Now we have R**(x) = C(x) + E(x)**. and let CRC polynomial be G**(x)**.

$G(x)$ always divides $C(x),$ and if there is an error then $G(x)$

should not divide $R(x)$.

**Lets check - **

$R(x) \bmod G(x) =\left(C(x) + E(x)\right) \bmod G(x)$ (for simplicity i am writing mod as division )

$\dfrac{R(x)}{G(x)}=\dfrac{C(x)}{G(x)}+\dfrac{E(x)}{G(x)}$

$G(x)$ always divides $C(x)$

$\Rightarrow \dfrac{R(x)}{G(x)}=0+\dfrac{E(x)}{G(x)}$

If $G(x)$ divides $E(x)$ also this would mean $G(x)$ divides $R(x)$. We know that,

If $G(x)$ does not properly divide $R(x)$ then there is an error but we are never sure

if there is error or not when $G(x)$ divides $R(X)$.

As we saw, $G(x)$ divides $R(x)$ or not totally depends on $G(x)$ divides $E(x)$ or not.

whole strength of $G(x)$ lies if it does not divide any possible $E(x)$.

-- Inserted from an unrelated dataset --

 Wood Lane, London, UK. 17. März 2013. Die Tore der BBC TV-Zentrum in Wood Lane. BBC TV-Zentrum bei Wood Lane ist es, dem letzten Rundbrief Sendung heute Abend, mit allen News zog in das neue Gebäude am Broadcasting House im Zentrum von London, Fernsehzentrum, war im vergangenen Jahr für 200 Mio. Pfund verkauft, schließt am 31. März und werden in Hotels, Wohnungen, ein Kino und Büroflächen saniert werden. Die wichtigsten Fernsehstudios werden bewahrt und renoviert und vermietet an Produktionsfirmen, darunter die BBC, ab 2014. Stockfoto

Lets see again $E(x)$, if there is an error in $3^{rd}$ and $4^{th}$ bit from left

$\text{(LSB is 0th bit )}$ then $E(X) = x^4+x^3$.( it does not matter error is from toggling

$1$ to $0$ or $0$ to $1$ ) **Check with above example.**

Now come to question. it says $G(x)$ should detect odd number of bits in error?.

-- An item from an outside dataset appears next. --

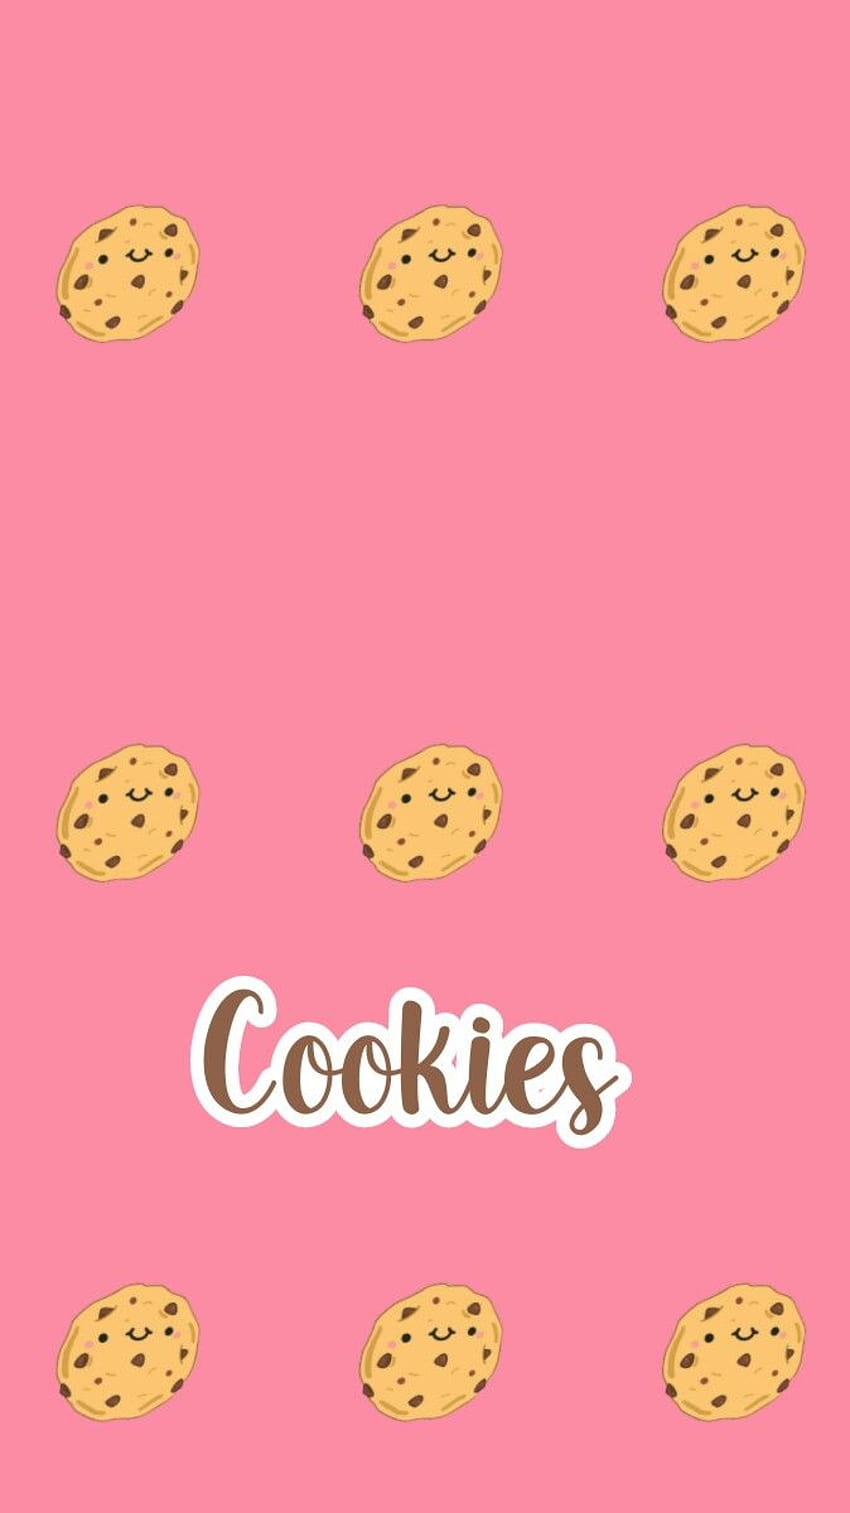 De Cookies, aesthetic cookies HD phone wallpaper | Pxfuel

If number of bits are odd then terms in $E(x)$ would be odd.

for instance if $1^{st}, 2nd$ and $5^{th}$ bit got corrupted then $E(x) = x^5+x^2+x.$

It is clear that if any function $f(x)$ has a factor of $x-k,$ then at x=k, $f(x)$

would be zero. I.e. $f(x) = 0$ at $x=k$.

- We want to detect odd number of bits that means received message $R(x)$

contains an odd number of inverted bits, then $E(x)$ must contain an

odd number of terms with coefficients equal to $1$.
- As a result, $E(1)$ must equal to $1$
**(remeber 1+1 = 0, 1+1+1 = 1.
**

Any Odd number of times sum of one's is = 1).

$E(1)$ is not zero, this means $x+1$ is not a factor of $E(x)$.
- Now I want $G(x)$ not to be a factor of $E(x),$ So that $G(x)$ wont divide

$E(x)$ and i would happily detect odd number of bits.
- So, if we make sure that $G(1) = 0,$ we can conclude that $G(x)$ does not

divide any $E(x)$ corresponding to an odd number of error bits.

In this case, a CRC based on $G(x)$ will detect any odd number of errors.
- As long as $1+x$ is a factor of $G(x), G(x)$ can never divide $E(x).$

Because we know $E(x)$ dont have factor of $1+x$.

**Option C.**

(**Option B **might confuse you, If $G(x)$ has some factor of the form $x^k+1$ then

also $G(x)$ would detect all odd number of errors, **But in Option B,** language is

changed, and that too we should not have any upper bound on $k$. )